I would definitely get the Walmart LED boat lights from Atwood and keep them in a dry bag, if you caught out after dark it will help other boats see you and understand your direction, you also need a couple good LED flashlights for seeing ahead at night, it gets very dark.
The current mostly follows the channels, there is little to no current in the backwaters, so don't count on the current too much. There are tons of islands that you can camp on, but you need to map them all out in advance (nine mile Island just south of Dubuque IA was our favorite place to camp, I just don't recall any others right now.

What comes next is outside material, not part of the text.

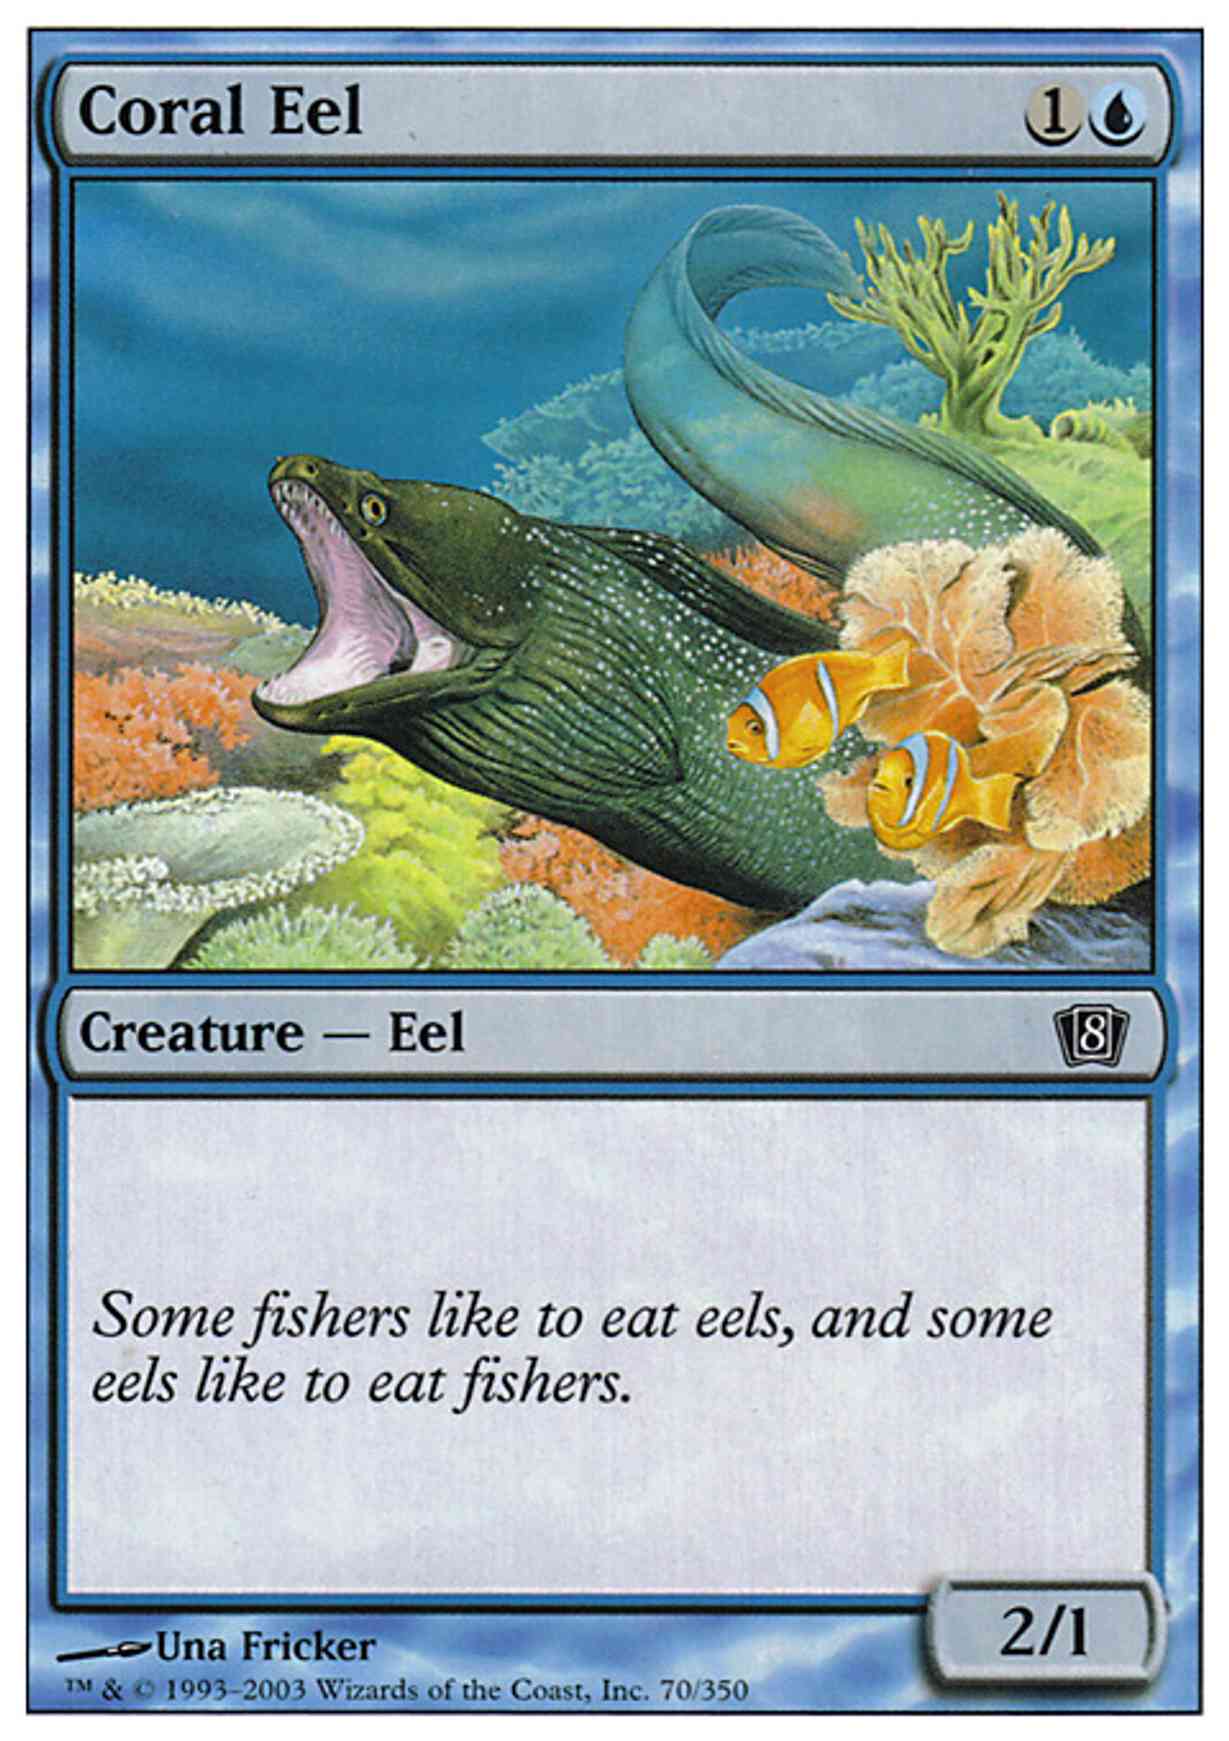 Coral Eel magic card front

Another reason for the sidekick AMA's is you can strap a tent and some gear sideways across them so you can preserve your inside storage for things that have to stay dry. I have been out in the Mississippi during storms and high winds and it can get as rough as the ocean (where we usually go), and it often comes up fast with little warning.
The wind mostly comes from the west so the sail kit I think will help you at times if you follow the east bank, I used to have a sunfish sailboat and used it on the Mississippi, it worked quite well.
Most marina's will let you stay the night (at least they used to), and since your not needing a slip, they shouldn't charge you.
I'm jealous, a trip like your taking is on my bucket list, but I'm not sure I would want to go all the way to the delta (really hot there in the summer).
The area from St Paul to Dubuque is in my opinion the prettiest part of the river, with the area around La Crosse being the Crown jewel.